Problem statement.
Note on the material below: return exactly the lines from the line that holds "Salon Livres en" through the line that holds "Outfit - Pajamas Blue Print stars", and leave out each picture.

Input.
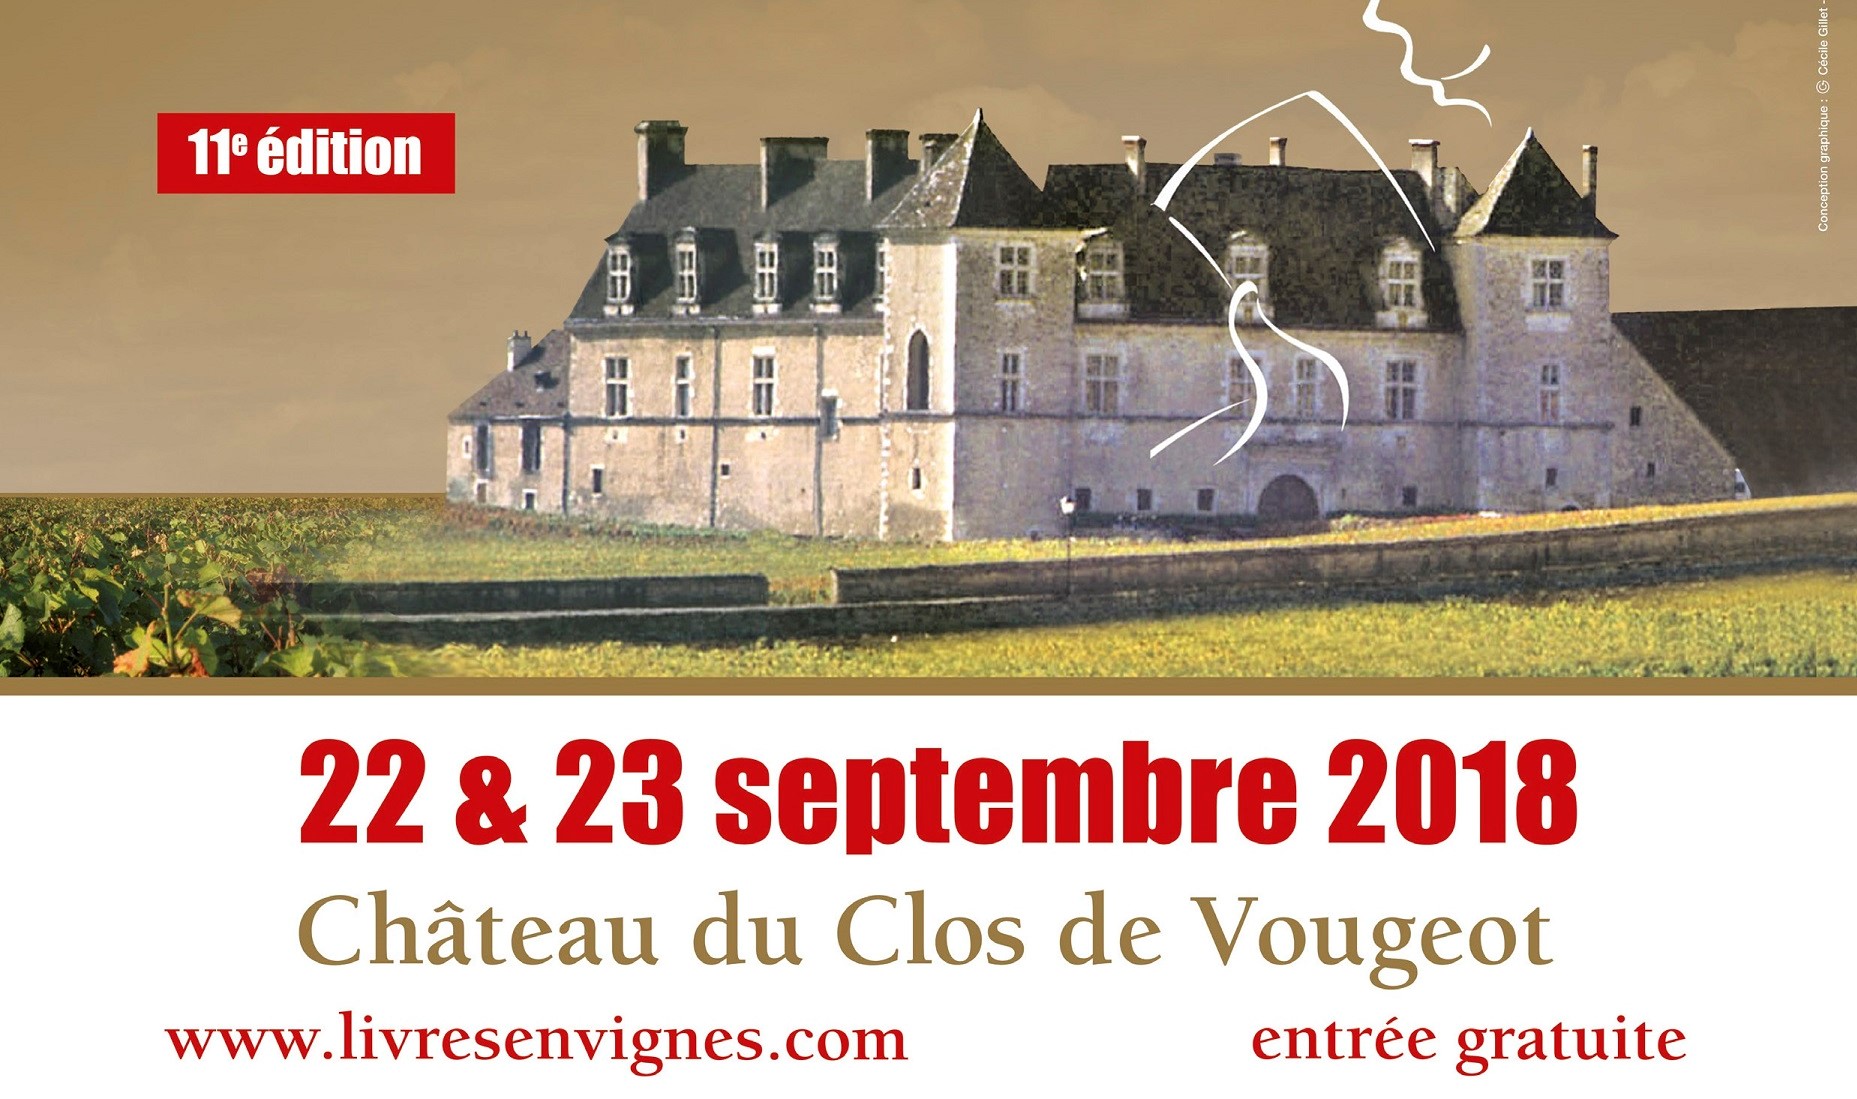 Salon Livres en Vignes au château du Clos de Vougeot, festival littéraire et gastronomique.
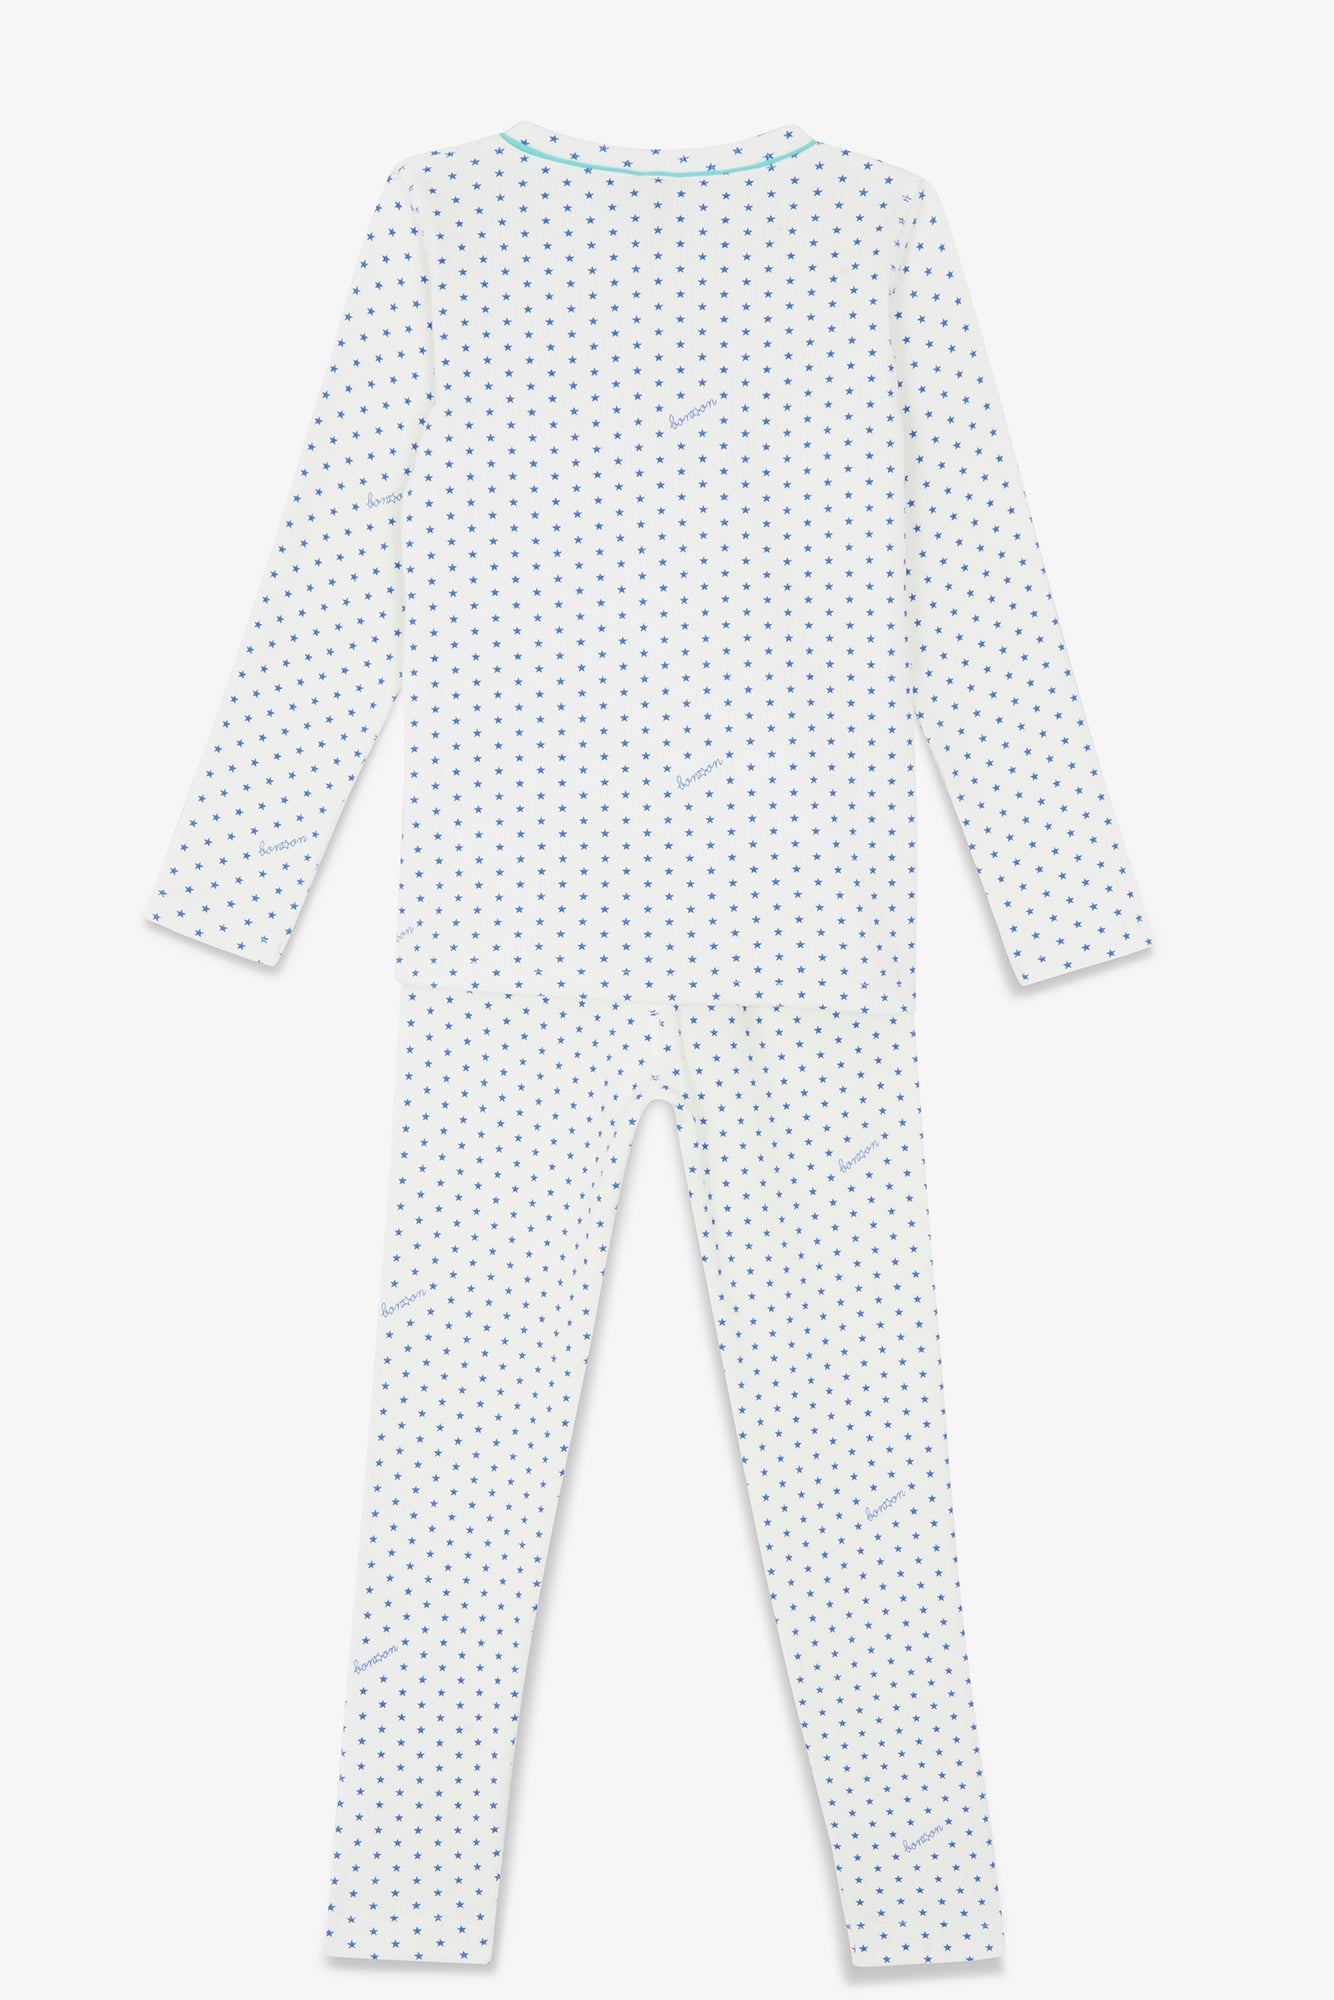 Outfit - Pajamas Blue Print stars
...
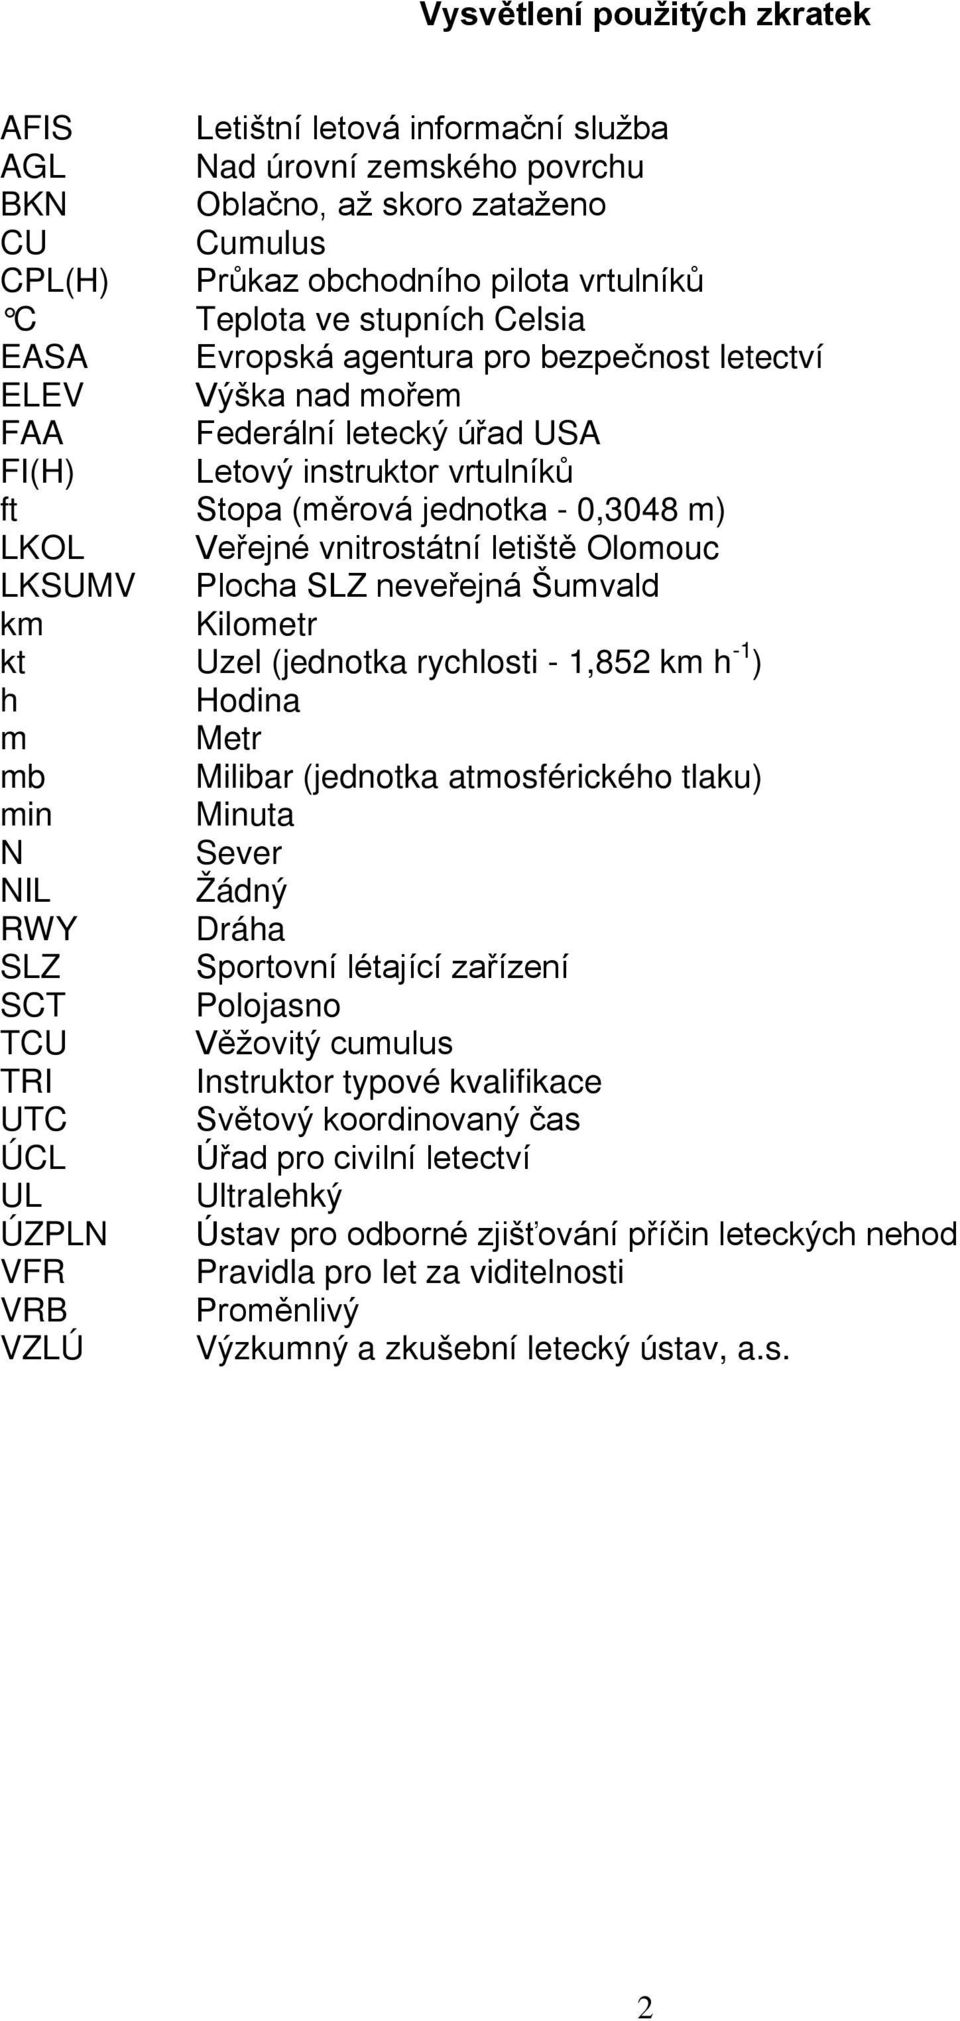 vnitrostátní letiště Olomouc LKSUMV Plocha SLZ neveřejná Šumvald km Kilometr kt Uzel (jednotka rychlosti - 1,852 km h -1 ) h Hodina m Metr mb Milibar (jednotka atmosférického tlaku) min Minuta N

Written response.
 Salon Livres en Vignes au château du Clos de Vougeot, festival littéraire et gastronomique.
 Outfit - Pajamas Blue Print stars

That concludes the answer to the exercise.